Using these computational approaches, scholars have analyzed data from more people about more questions than could be exhaustively fielded through traditional surveys. And there’s another advantage: many online traces capture what people actually do, think, and prefer in lived online contexts, rather than what they say they do, think, or prefer.
But the online data used to study attitudes, preferences, beliefs, and behaviors were often collected for another purpose—usually a commercial one. Digital traces were not designed to produce generalized insight, and can suffer from algorithmic confounding. Online actions are often presented to the user based on predictions about what users want; consider Google’s query auto-complete service or Facebook’s friendship suggestions. Interpreting the data produced by these online platforms requires accounting for the models that predicted user actions.
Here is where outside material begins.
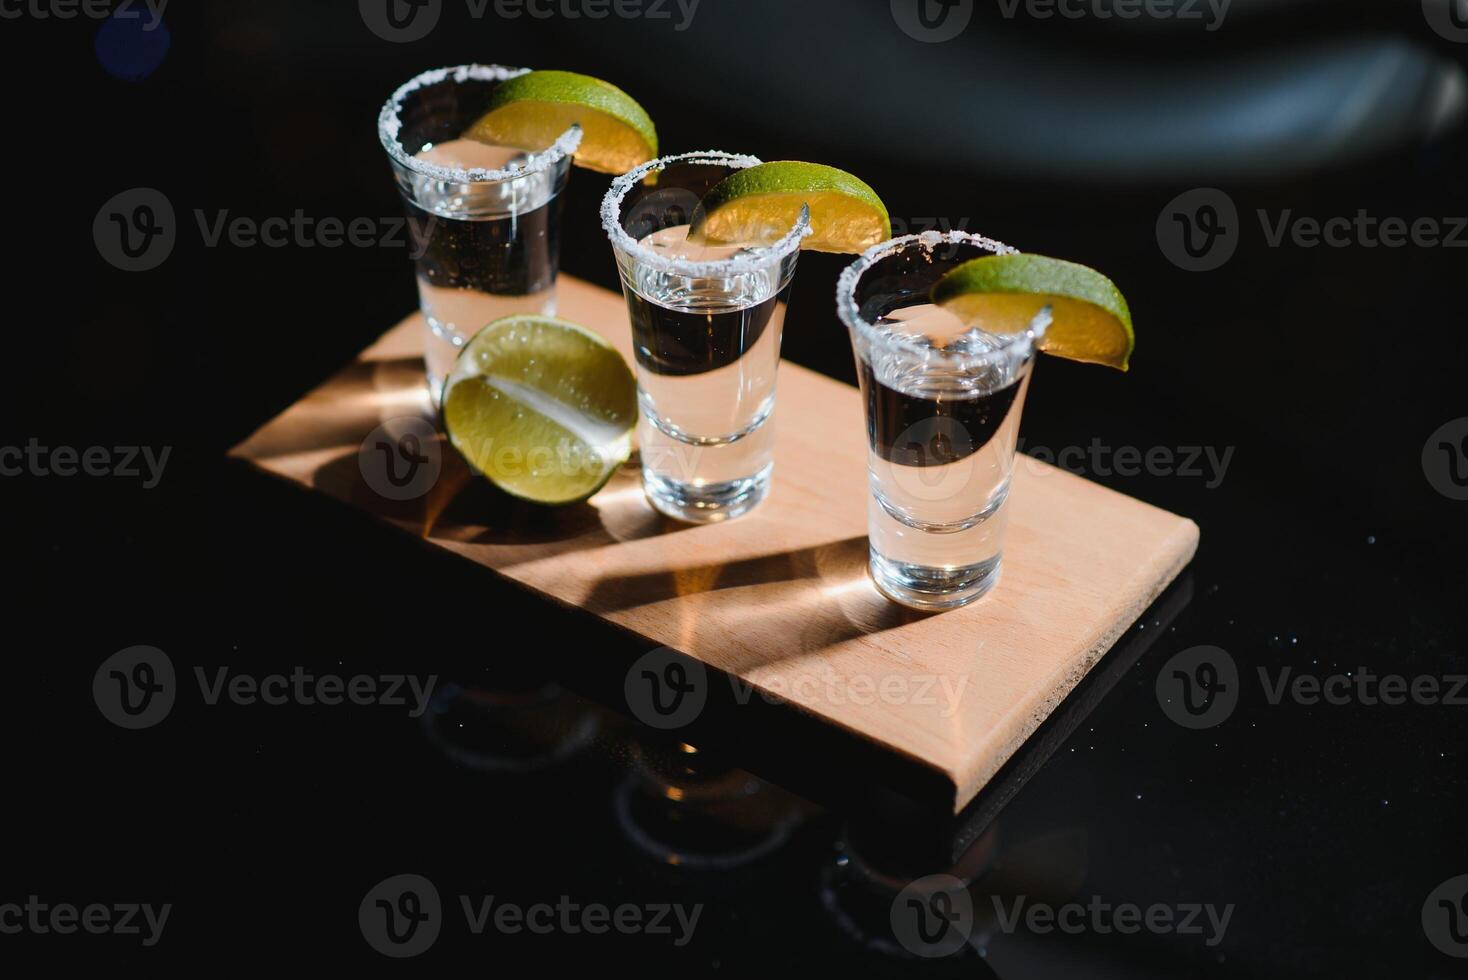 tequila med kalk och salt på svart bakgrund foto

There is a deeper concern with using online data: The human subjects involved did not directly consent to the use of their data for research. This lack of consent raises complex ethical and legal questions. Compounding the challenges to research ethics, these new data sources often disclose (or allow inference of) unprecedented personal detail, demanding new techniques to protect research subjects.
From Experiments to Virtual Laboratories
Laboratory and field experiments have been less prominent in sociology than in psychology and economics. They are nonetheless a powerful tool for testing theory and evaluating causal claims. In a classic field experiment, Devah Pager demonstrated the causal role of racial discrimination in hiring outcomes by sending out applicants for entry-level jobs. Applicants were matched in all characteristics but race and (purported) criminal record. Not only did employers discriminate against applicants with a criminal record; white applicants with a criminal record got more callbacks than Black applicants without one.
Online and mobile experiments retain the principal virtue of traditional lab or field experiments: The treatment and “environment” experienced by participants can be controlled (although the latter only through the narrow interface of a computer or mobile screen). Where do online methods shine, then? In the scale and complexity of designs that can be contemplated. In one of the earliest online experiments, Salganik, Dodds, and Watts demonstrated the unpredictability of cultural markets by constructing multiple independent “worlds” where users listened to and downloaded songs. The researchers manipulated whether and how prominently the previous choices of other users were featured. Their findings—that social information increases unpredictability and inequality in cultural markets— could only be cleanly demonstrated with digital controls. With over 13,000 participants, their study required an online experimental platform. It could not be done in the laboratory; the cost and logistics would have been prohibitive.
Approaching digital traces with the mindset of—and in collaboration with—an ethnographer or conversation analyst will be essential if computational sociologists aspire to the nuance and depth of these methods.
Of course, these new experimental platforms have limits. Because they are delivered through computers or mobile devices, online experiments address only certain sensory modalities. It may also be hard, or impossible, to control what else a participant is doing. The characteristics of online participants may be skewed in ways that could be controlled in a laboratory setting. Some research designs, such as interventions performed on a pre-existing network, require more sophisticated approaches to randomize the assignment of interventions. And there is the looming question of ecological validity: What do online experiments tell us about “real life”?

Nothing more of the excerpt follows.